_Work request_
I would like the lines below, from the one with "Quarter moon november 25, 2006 photo" through the one with "With husband (my", copied exactly and without any pictures.

(Data supplied begins)

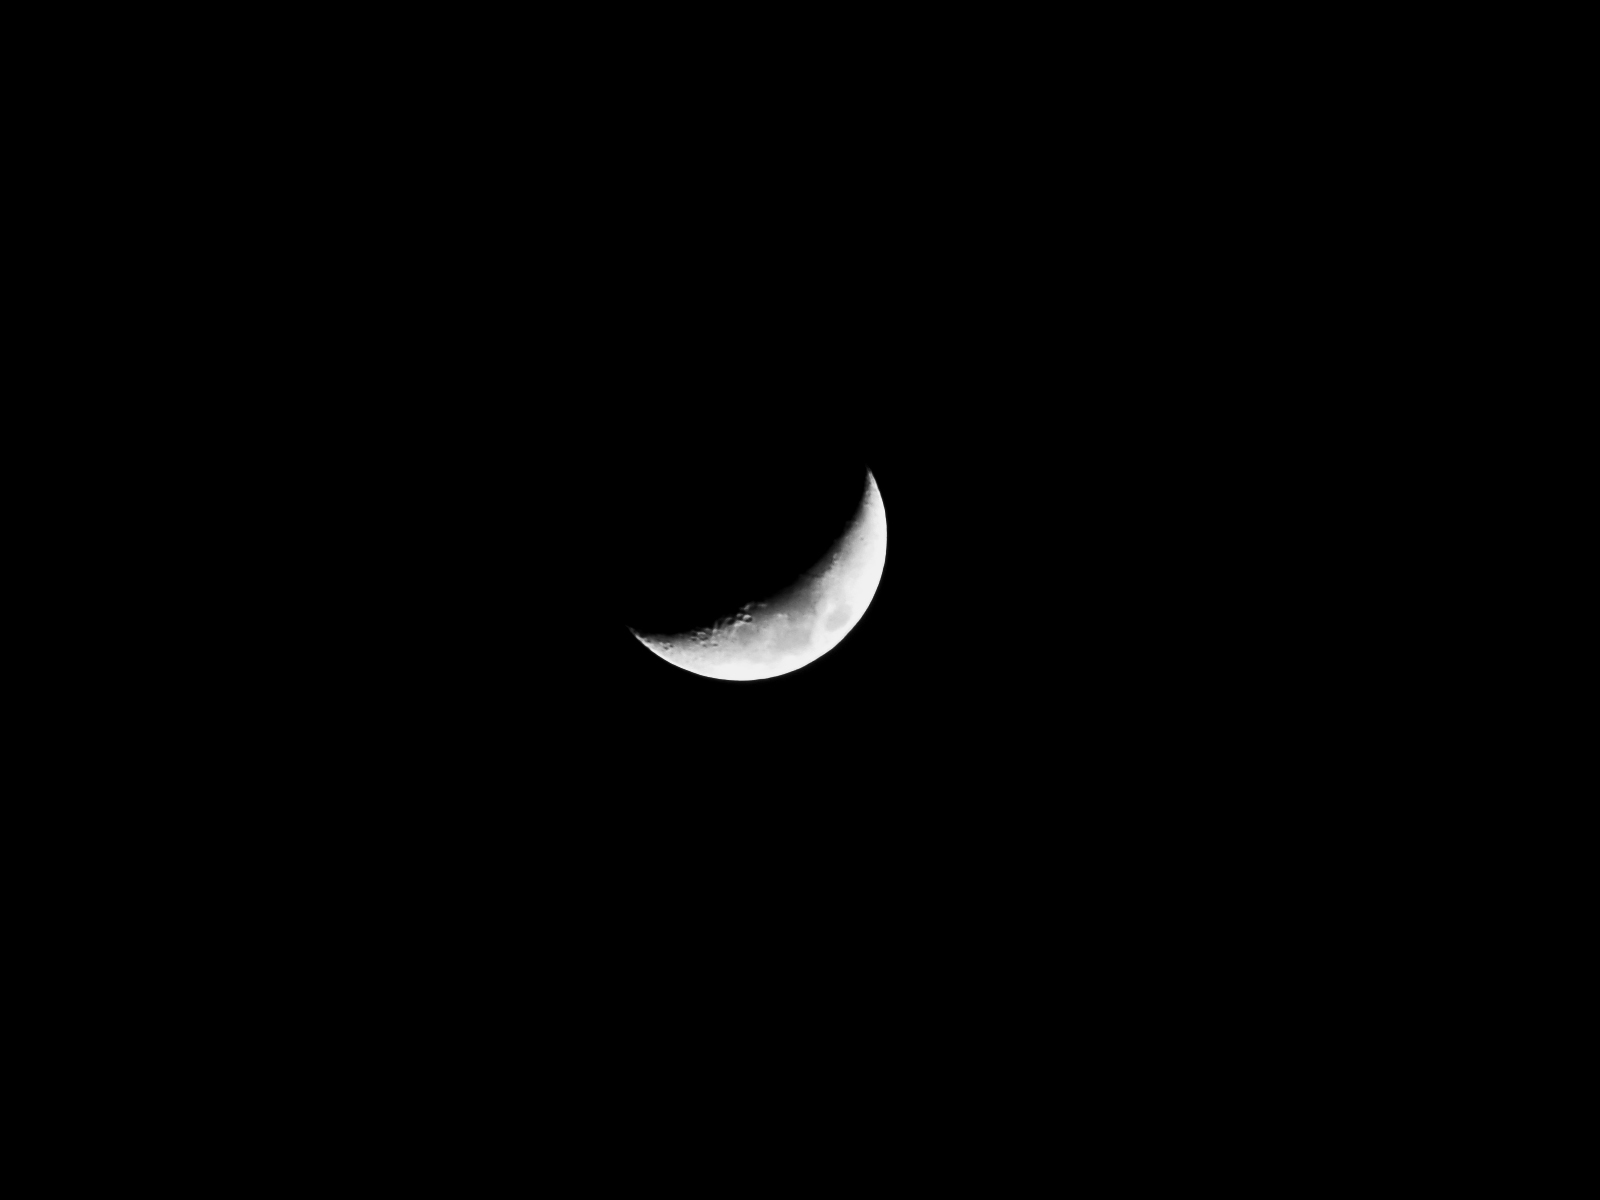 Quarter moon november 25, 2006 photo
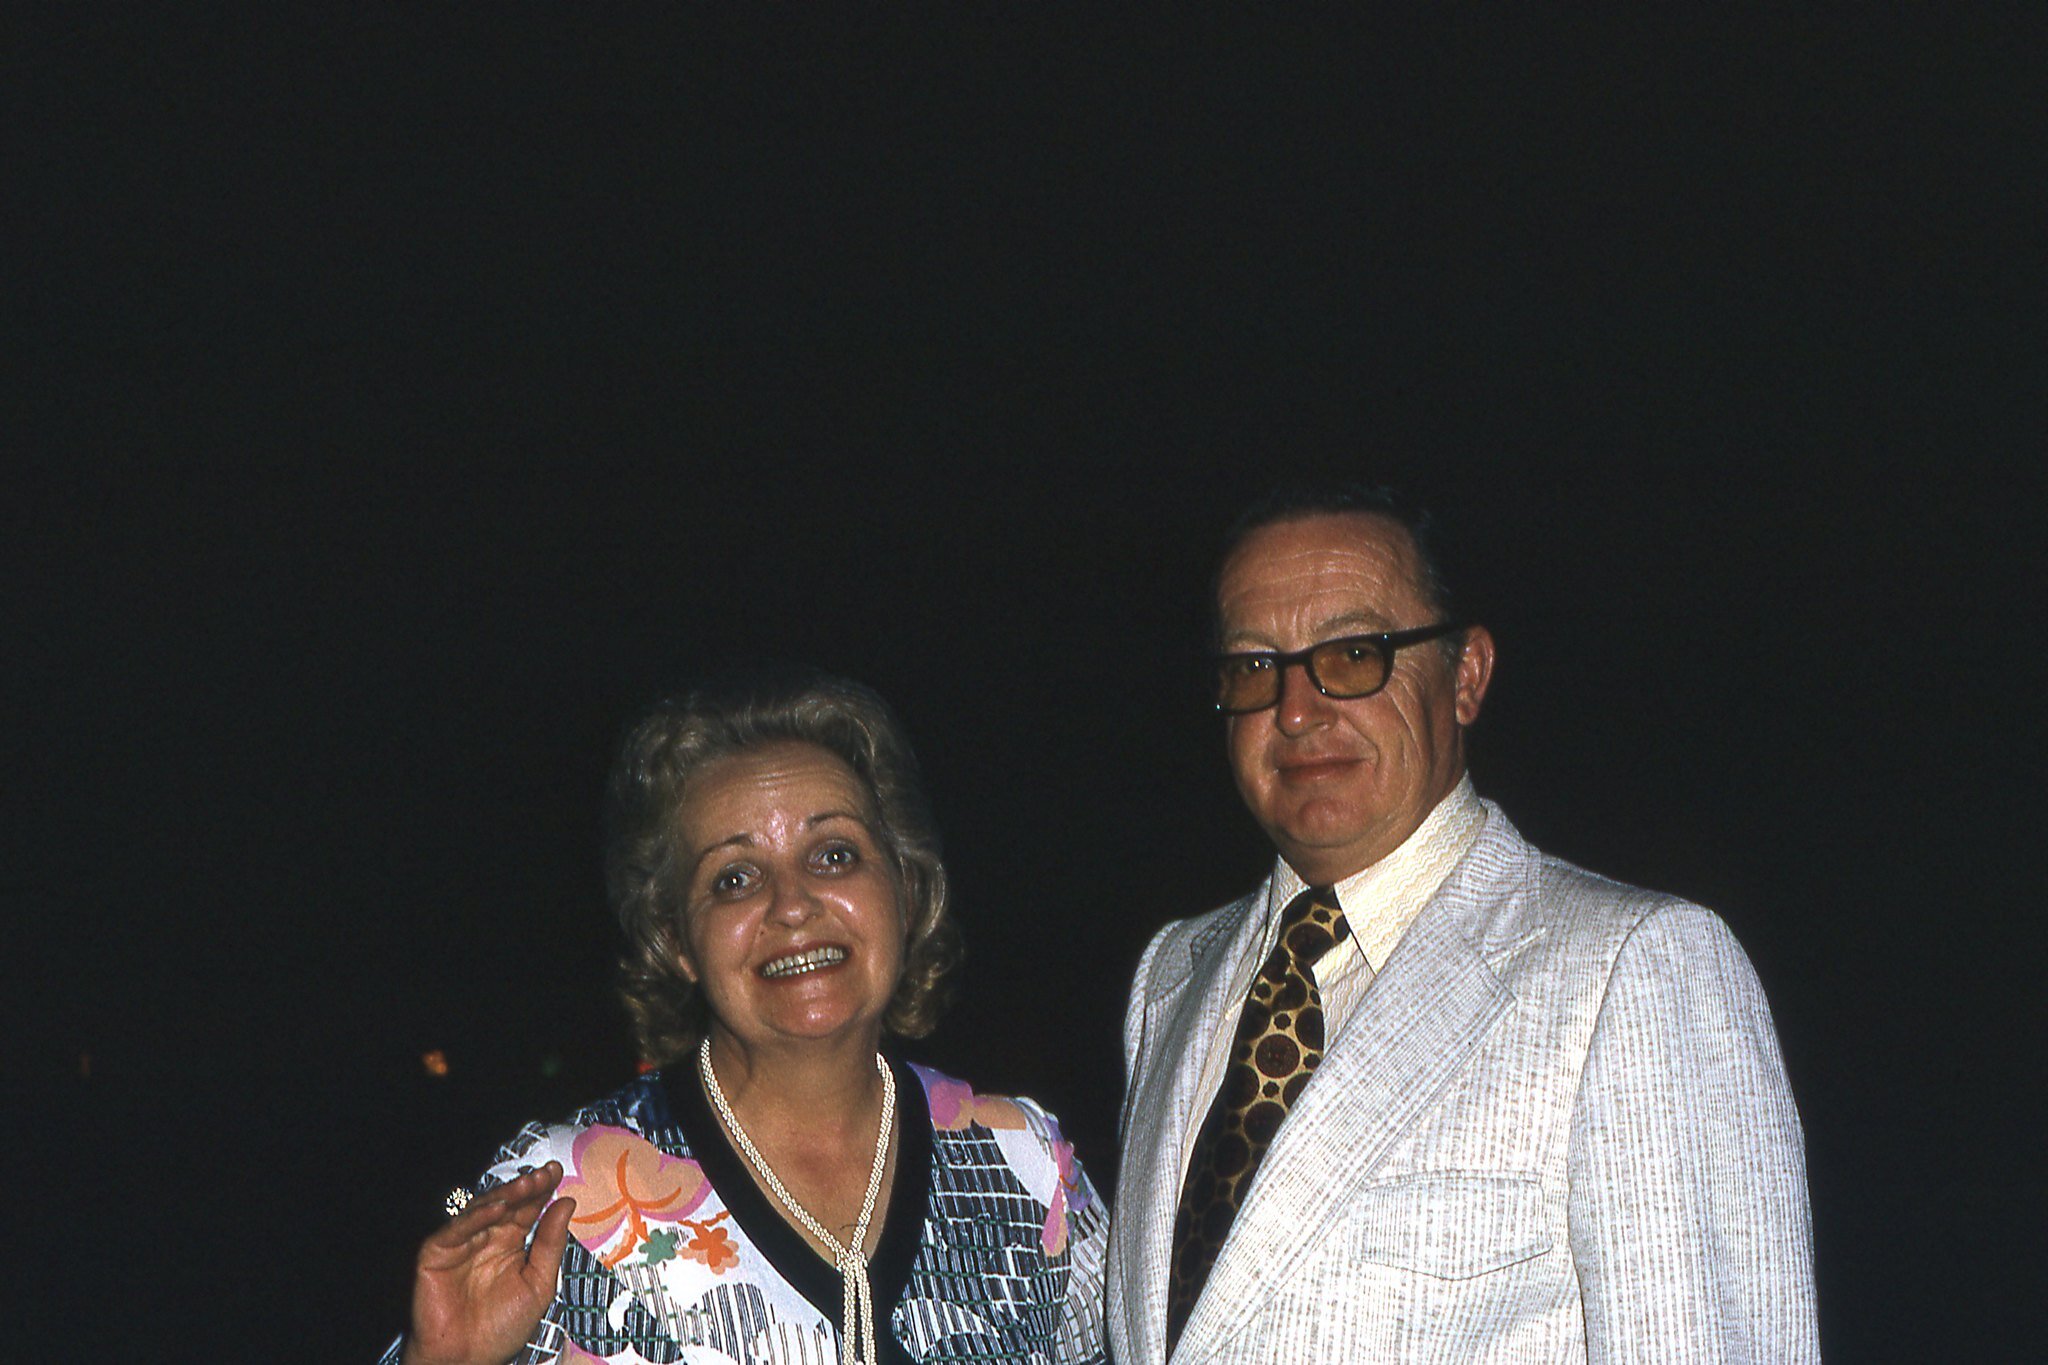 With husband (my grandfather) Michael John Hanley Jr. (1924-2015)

(Data supplied ends)
(Data supplied begins)

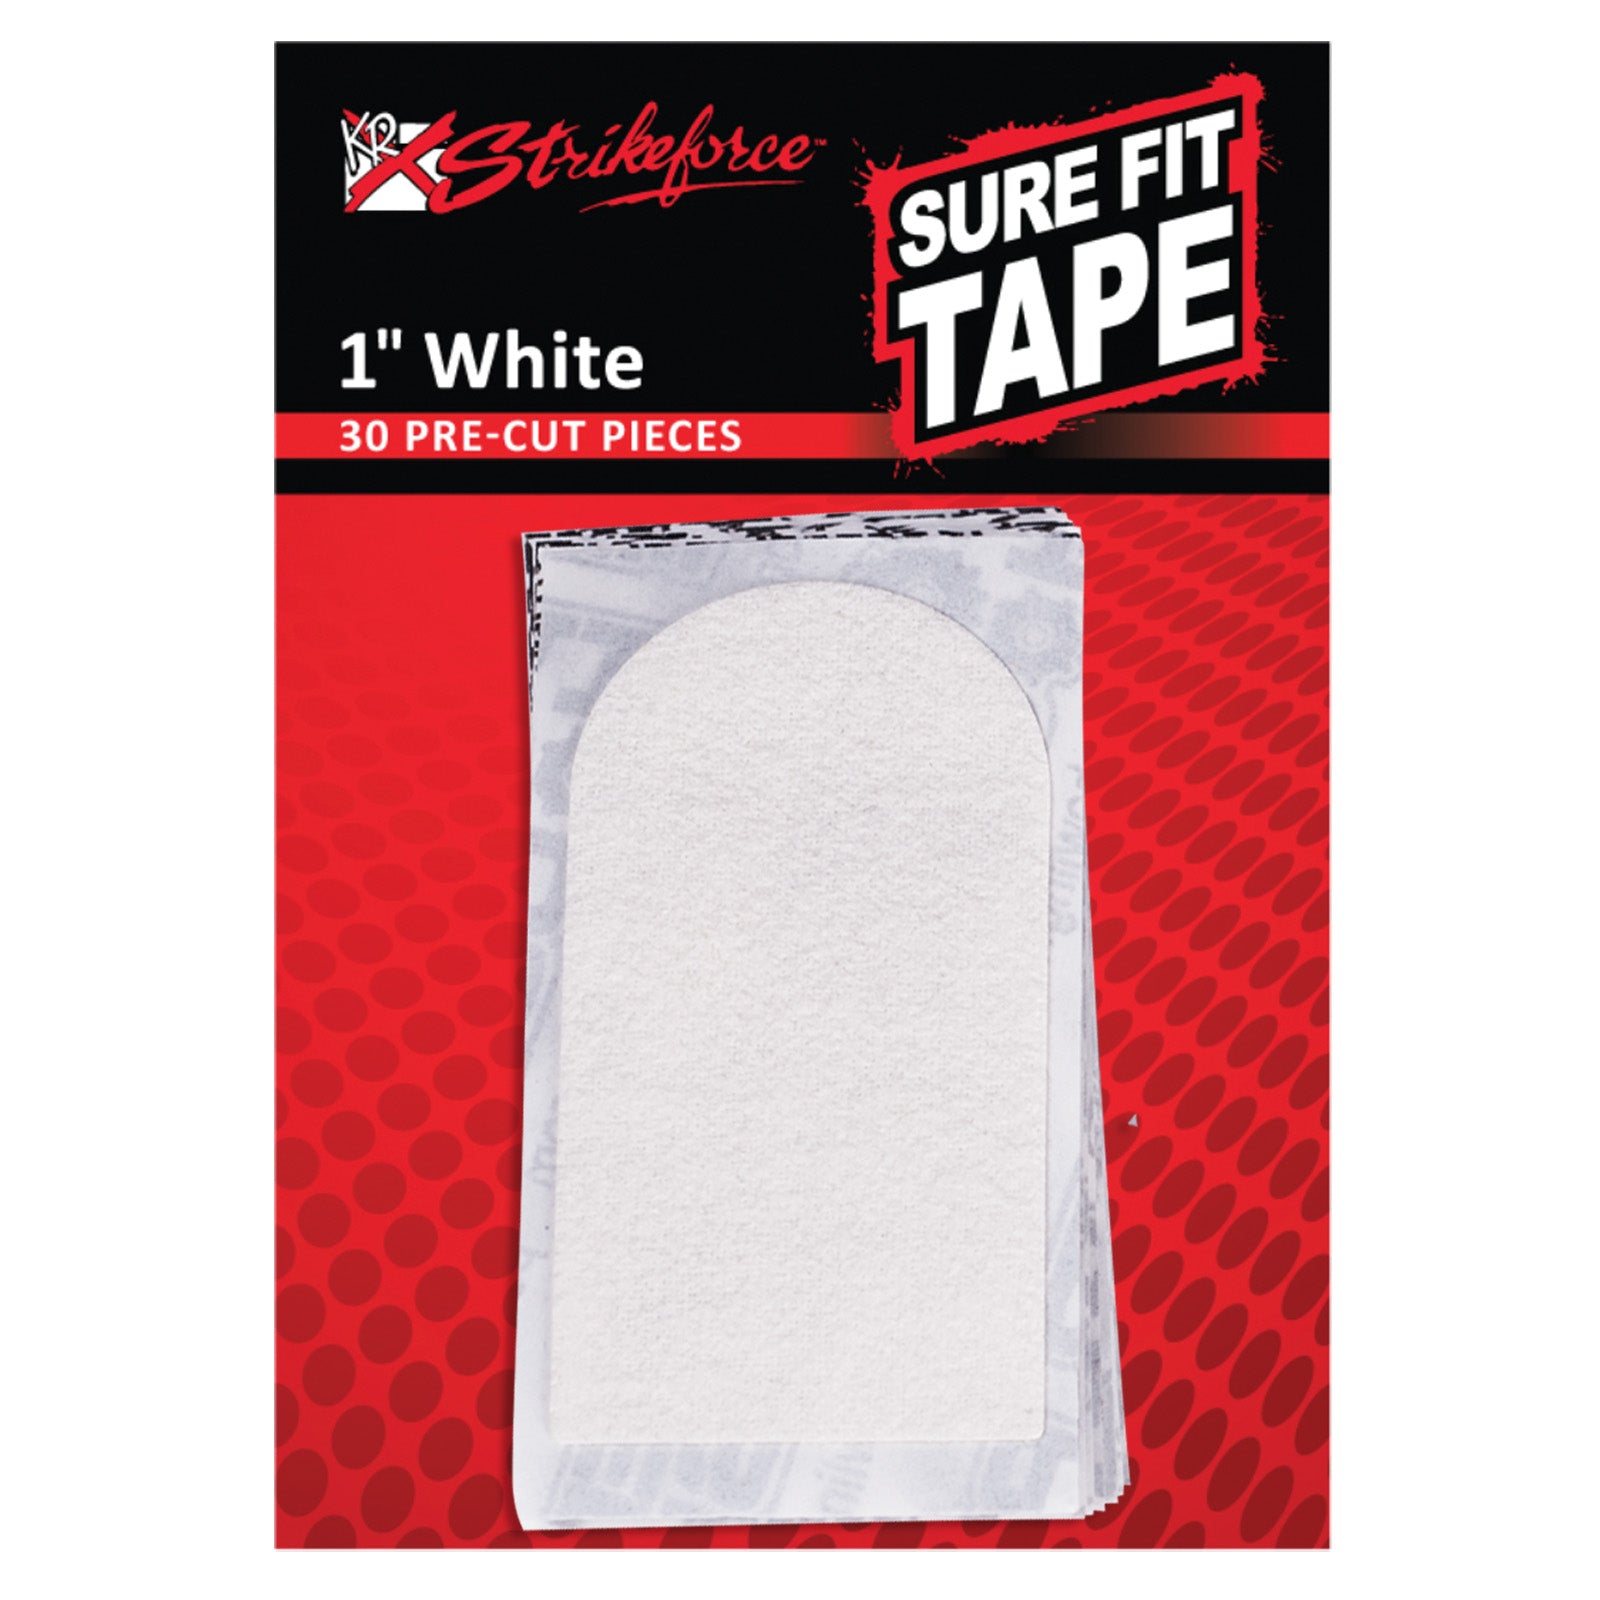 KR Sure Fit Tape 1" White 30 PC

(Data supplied ends)

_Result_
 Quarter moon november 25, 2006 photo
 With husband (my grandfather) Michael John Hanley Jr. (1924-2015)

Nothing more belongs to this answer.